## Exercise
Could the data below please be reproduced word for word, without the pictures?
━━━ Available data ━━━
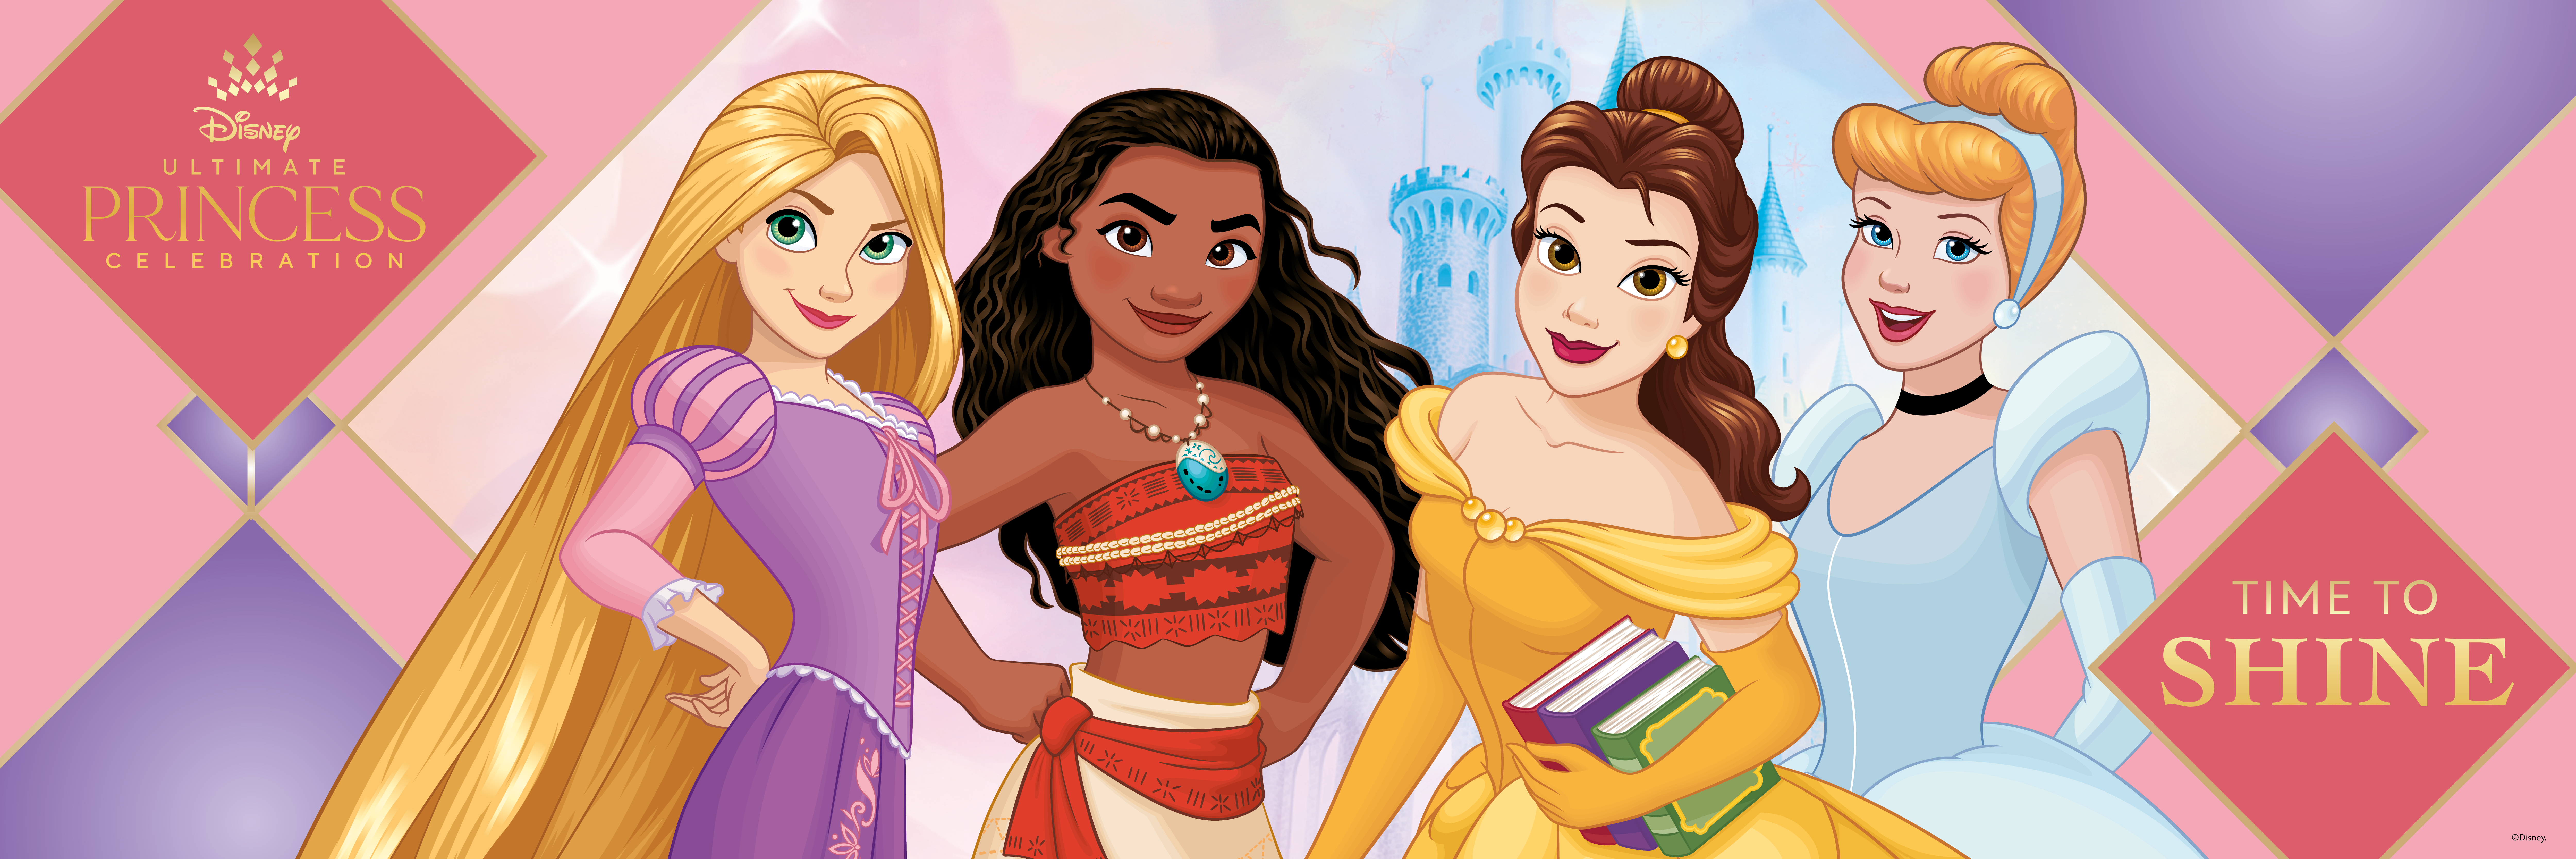 This is the world's most popular Disney princess
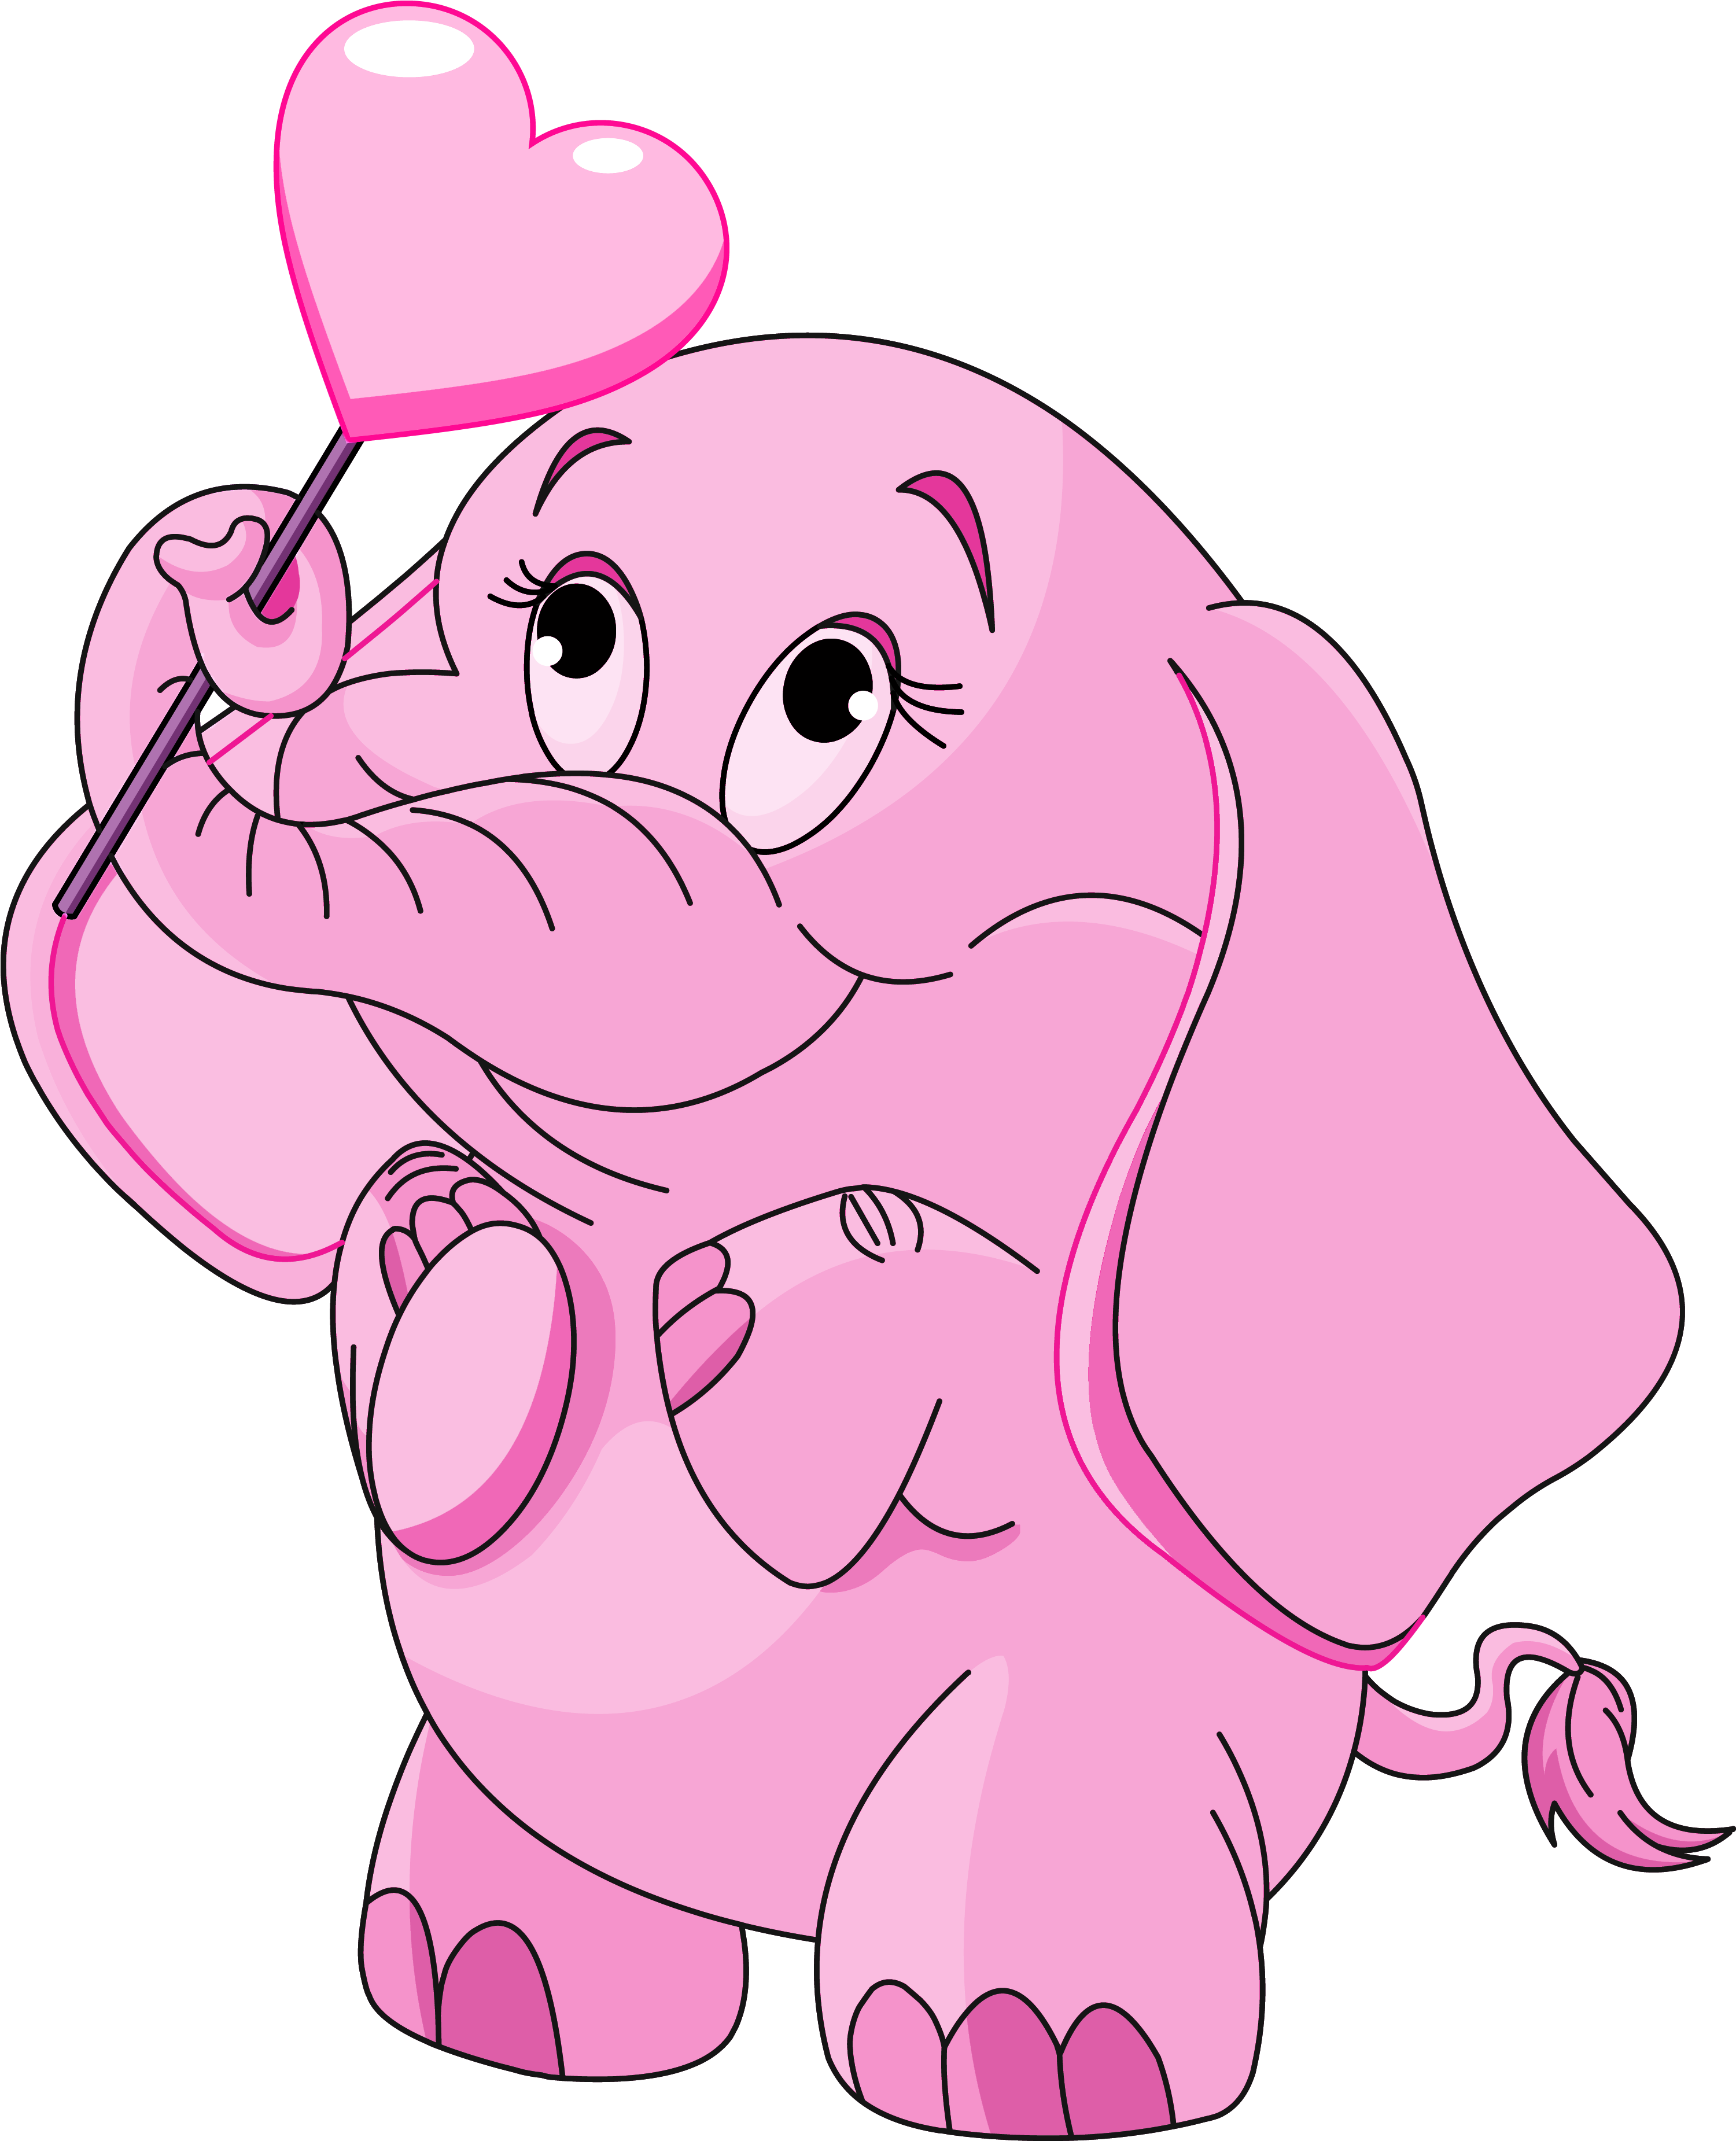 Download Pink Cartoon Elephant Png PNG Image with No Background 
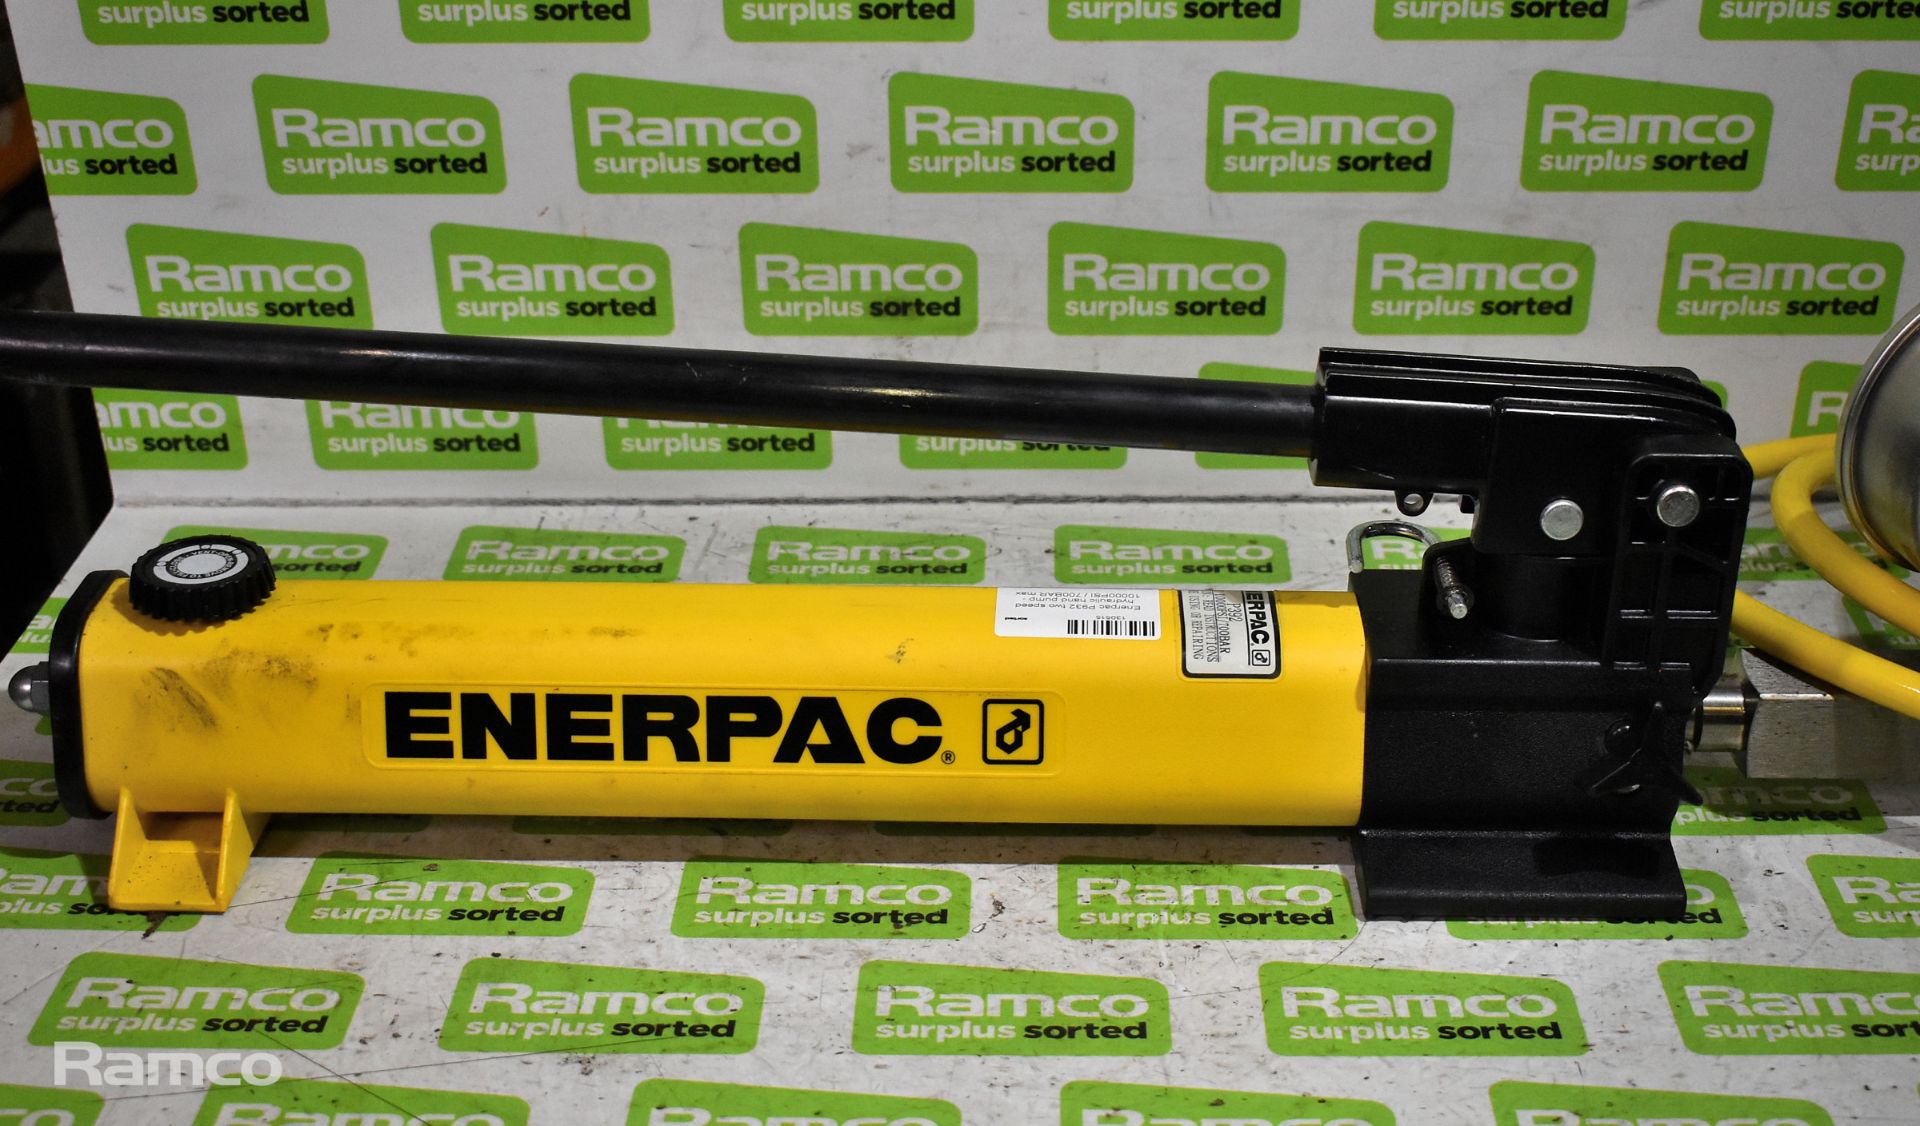 Enerpac P932 two speed hydraulic hand pump - 10000 PSI / 700 BAR max - Image 5 of 5
━━━
## Solution to this exercise
 This is the world's most popular Disney princess
 Download Pink Cartoon Elephant Png PNG Image with No Background 
 Enerpac P932 two speed hydraulic hand pump - 10000 PSI / 700 BAR max - Image 5 of 5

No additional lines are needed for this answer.